==== Data under study ====

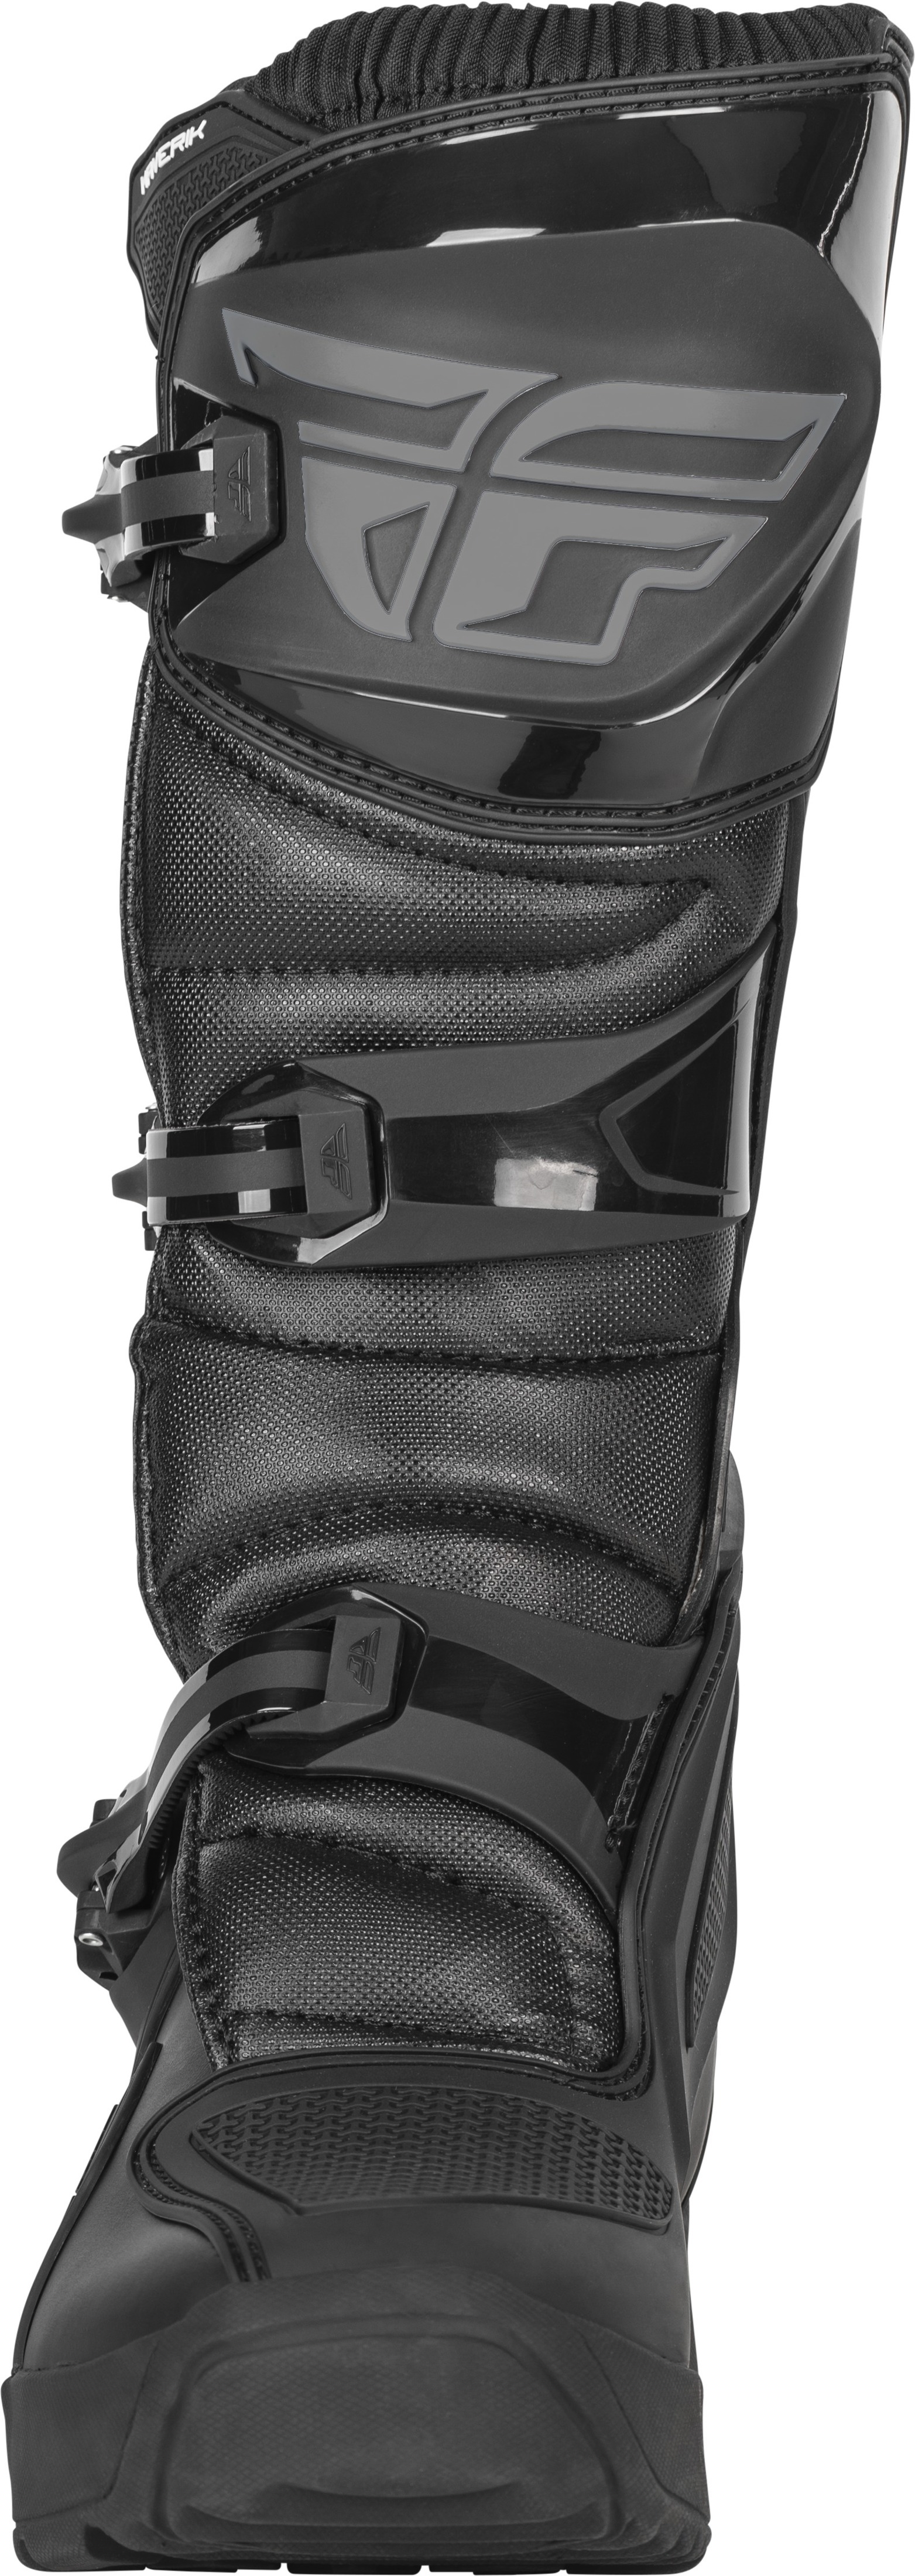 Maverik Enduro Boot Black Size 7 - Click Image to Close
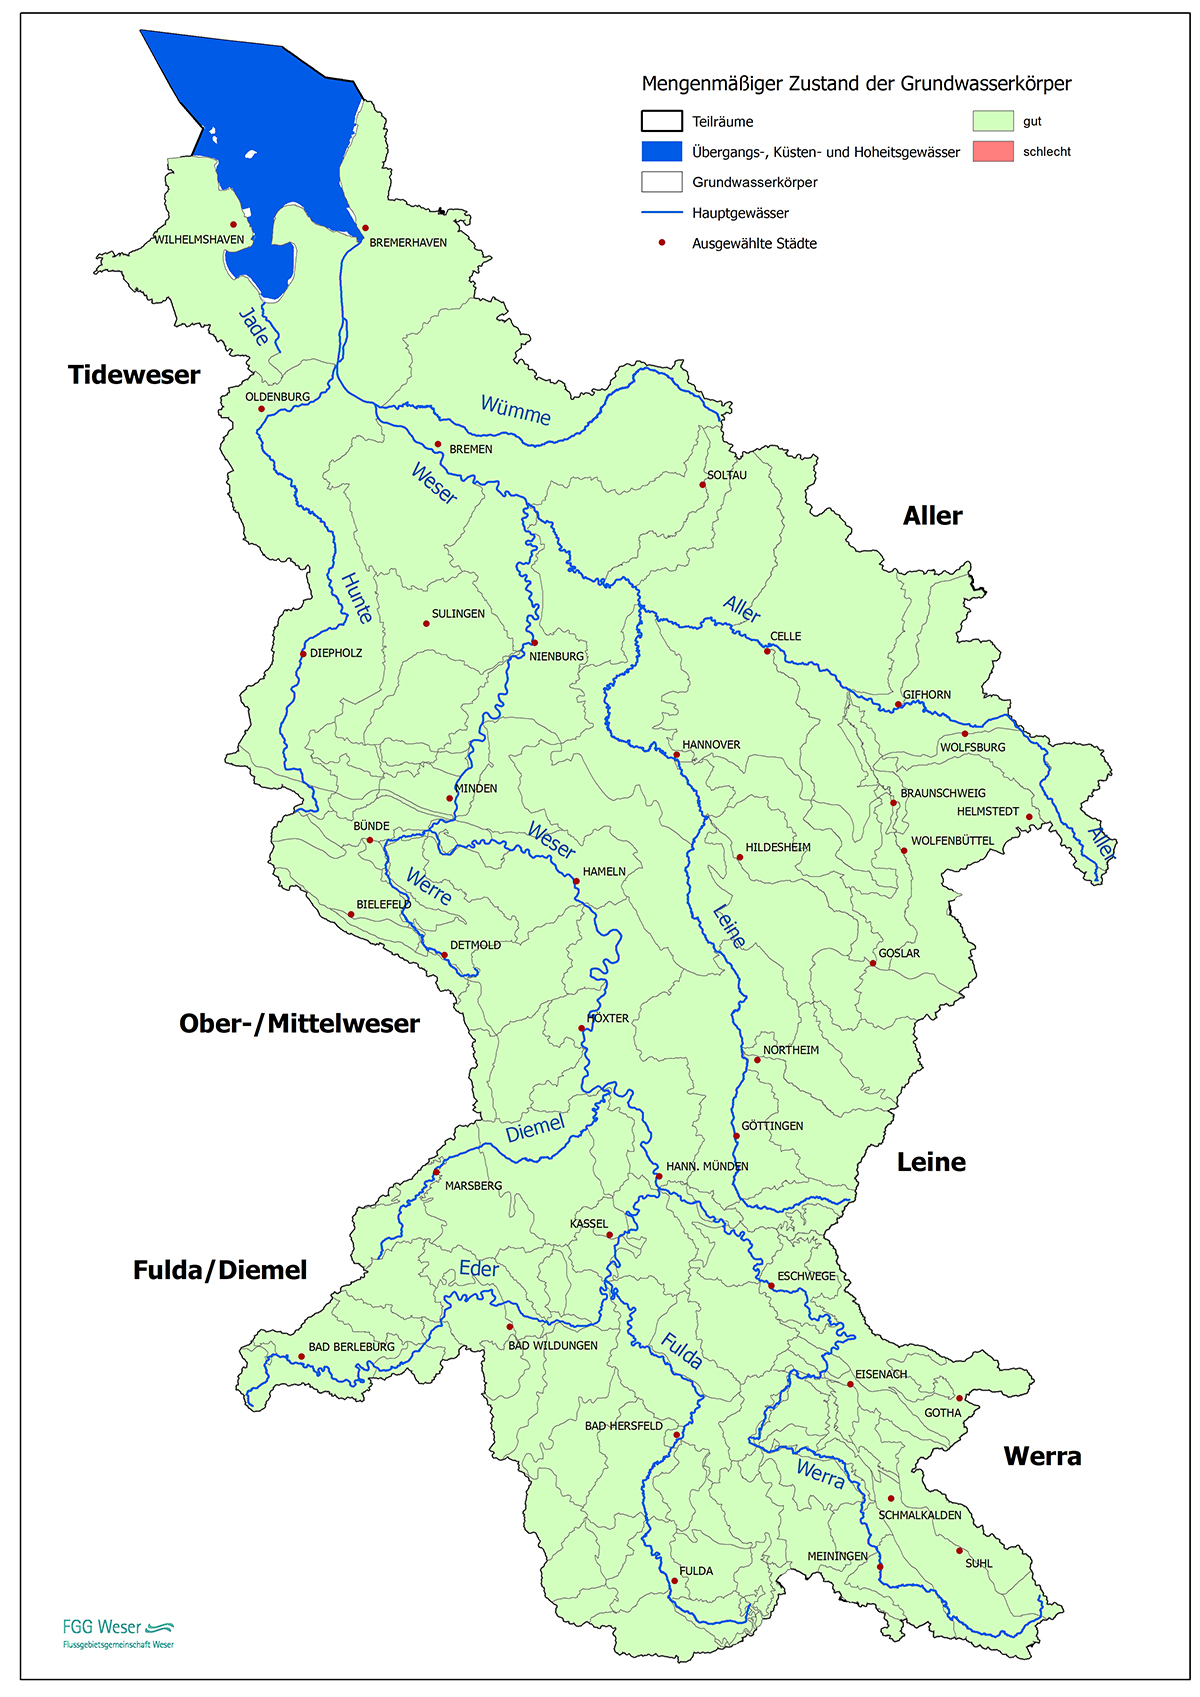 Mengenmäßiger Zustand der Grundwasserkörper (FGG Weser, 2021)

====
==== Data under study ====

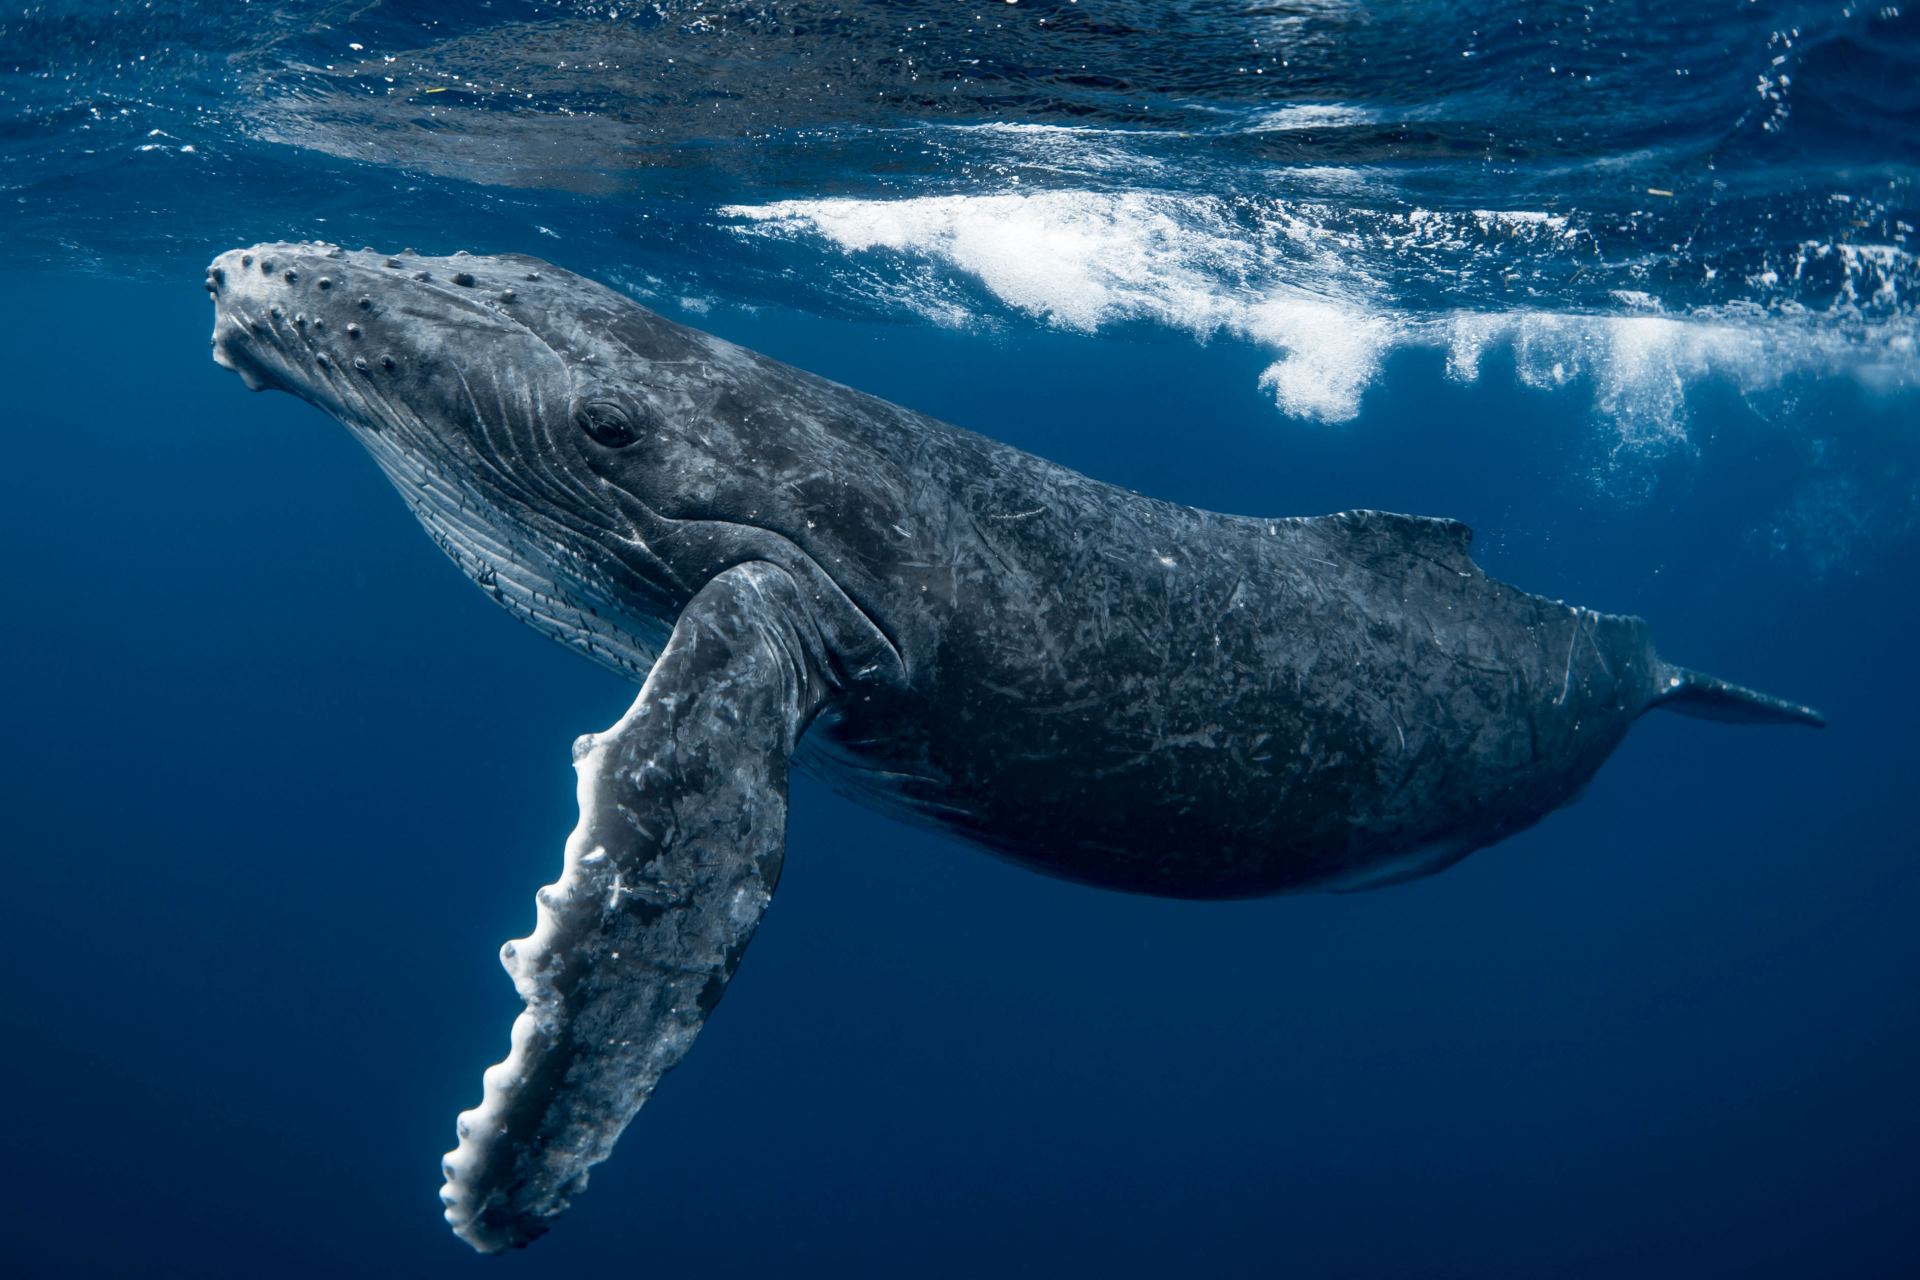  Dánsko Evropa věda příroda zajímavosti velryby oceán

====

**The problem**
Looking above, find the stretch of lines that opens with the one holding "Maverik Enduro Boot" and closes with the one holding "Mengenmäßiger Zustand der". Copy it exactly, pictures excluded.

**Response**
 Maverik Enduro Boot Black Size 7 - Click Image to Close
 Mengenmäßiger Zustand der Grundwasserkörper (FGG Weser, 2021)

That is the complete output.